Other similar collaborative remedies should be sought by veterinarians as well as other disciplines to decrease the current intolerable pressure on water resources, land and sustainability of environment and planet through the reincarnation of environment-friendly industrial soul into the bodies of agriculture, agribusiness, human and animal health. The extra income from these innovations could be invested in education, seeking innovations and new technologies, research and/or compensation of the harms insulted to the environment by the industry. Veterinarians should be appreciated as vigilant observers of a broad planet issues; ensuring sustainable production. Political decisions, on domestic or international scales, which may potentially affect environment should be critically monitored by a variety of scientists, including veterinarians. It is tempting to deforest a jungle to establish dairy or beef cattle rearing farms for both the investors and peoples that are threatened by a damping economy, which ruins the versatile job opportunities.

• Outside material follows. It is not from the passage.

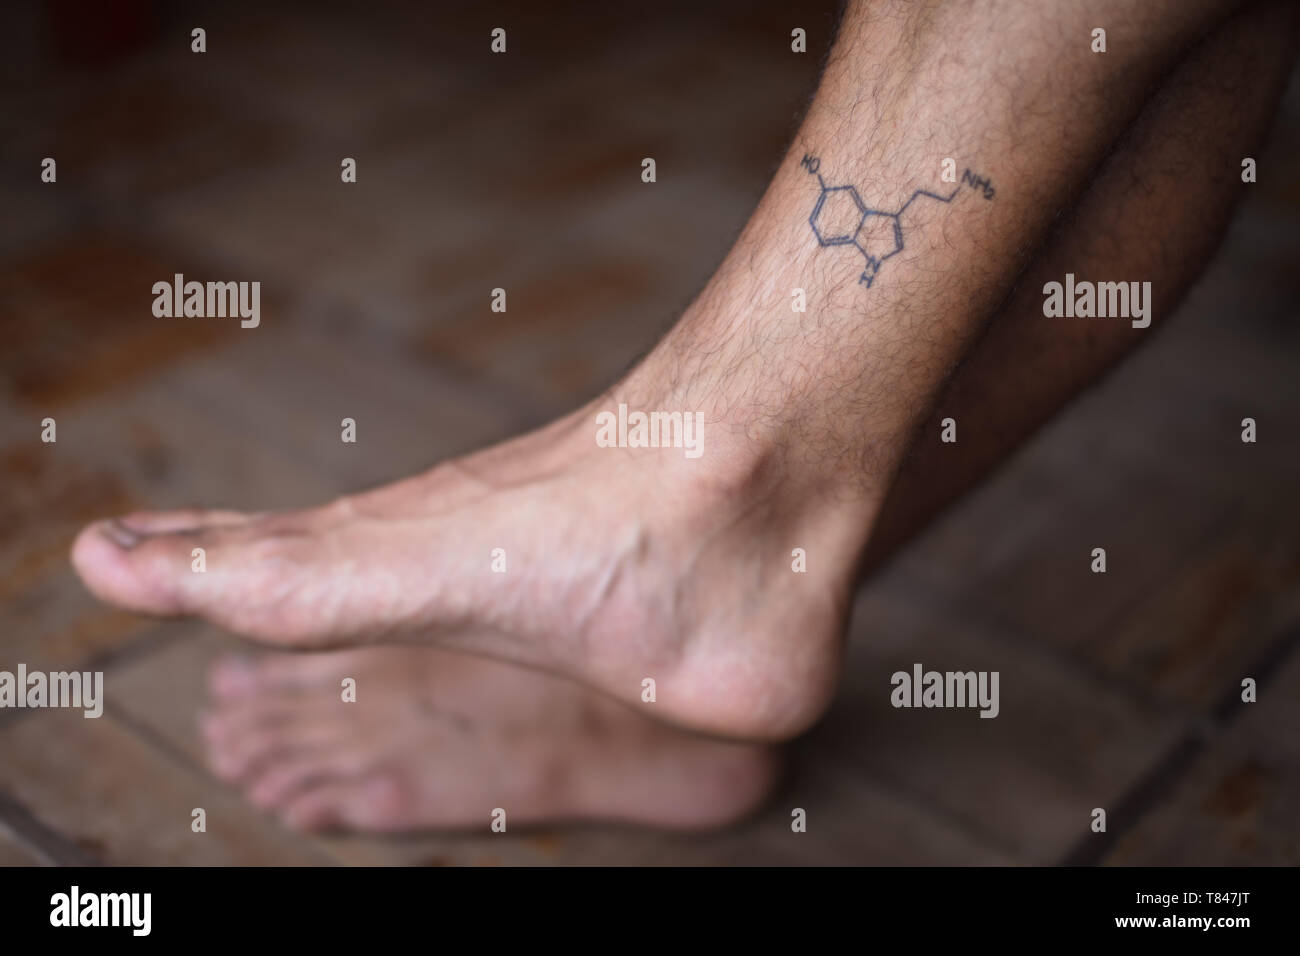 Tatuaggio di molecola serotonina su shin dell uomo Foto Stock

The scandal in Brazil, “Bolsonaro’s treatment of the amazon” is condemned by celebrities and world leaders [ 60 ], is a prominent example that should have received prompt and on time reactions by various scientists; especially veterinarians should always be ready to swim against the tide, be prepared to show rapid reaction, in addition to publishing scientific articles that will be inherently submitted with a considerable delay, when the public has forgotten the relevant crisis. Without a sustainable economy and society, as well as reliable job opportunities, resurgence of the instability conditions may have destructive effects on the sustainability of the environment. “Bolsonaro’s treatment of the amazon” in Brazil has had roots in the past; chronic pathologic sociological states that had been described as land-hungry [ 61 ], which has been led by fanning the flames of greed [ 62 ] were present for decades before, as hidden fire under the ashes. The same scenario would be possible to be occurred everywhere, as well as Iran. It has been warned that shortcomings in relevant laws oriented toward jungle preservation, would invariably result into degradation of forests in Iran [ 63 ].
Several currencies should be managed rationally in order to address health and economics issues, from ATP in the intracellular biochemical processes to strong currencies in the global market. Veterinary Medicine and veterinarians are among those few disciplines that can have an influential vision on both sides; from the depth of the cells to the highlands of health, environment, economy, technology, engineering and political issues, deserving their global leadership role, if environmental commons are to be managed sustainably, not selfishly base on self-interest beneficiaries, because many human societies might not reach the post-industrialization stage in the near future [ 64 ]. The veterinary education has a pivotal role in the keeping lots of concepts in a united perspective, e.g. water footprint, carbon foot, environment sustainability, GDP, PLF as well as providing efficient and meaningful interconnections among major institutions like OIE, WHO and FAO together, in addition to scientists, politicians and governments who are supposed to be highly committed to MDGs [ 65 ]. These goals were signed and declared in September, 2000, programmed to be achieved till 2015. At the present time, it is superseded by a more comprehensive renewed targets named Sustainable Development Goals [ 66 ]. The critical role of veterinarians in the accomplishment of the latter is undeniable.
Abbreviations-Cont'd
IOFC: Income Over Feed Cost
MDGs: Millennium Development Goals N: Nitrogen
NPN: Non-Protein Nitrogen
OIE: World Organization for Animal Health (Office International des Epizooties)
PLF: Precision Livestock Farming
WHO: World Health Organization of the United Nations
Authors' Contributions
The author has written, read and approved the first and final drafts of the manuscript.
Acknowledgement
The author wishes to thank Hesam Dehghani DVM, PhD, for reviewing the manuscript and sending valuable feedbacks; Behnaz Norouzi, DVM, DVSc, for providing nice artistic works on the drafts of Figures 1 & 2 in the article; and Arash Omidi, DVM, DVSc, for his nice creative artwork, which has integrated all the concepts described in this manuscript in one illustration appeared on the journal cover in this issue.
Competing Interests
The author has nothing to disclose, however, was highly worried about the arrogant and ignorant disregard taking place toward the ecology, destiny of the people and planet during the writing of this manuscript.
References
- Roeder PL, Taylor WP. Rinderpest. Vet Clin Food Anim. 2002; 18:515-547.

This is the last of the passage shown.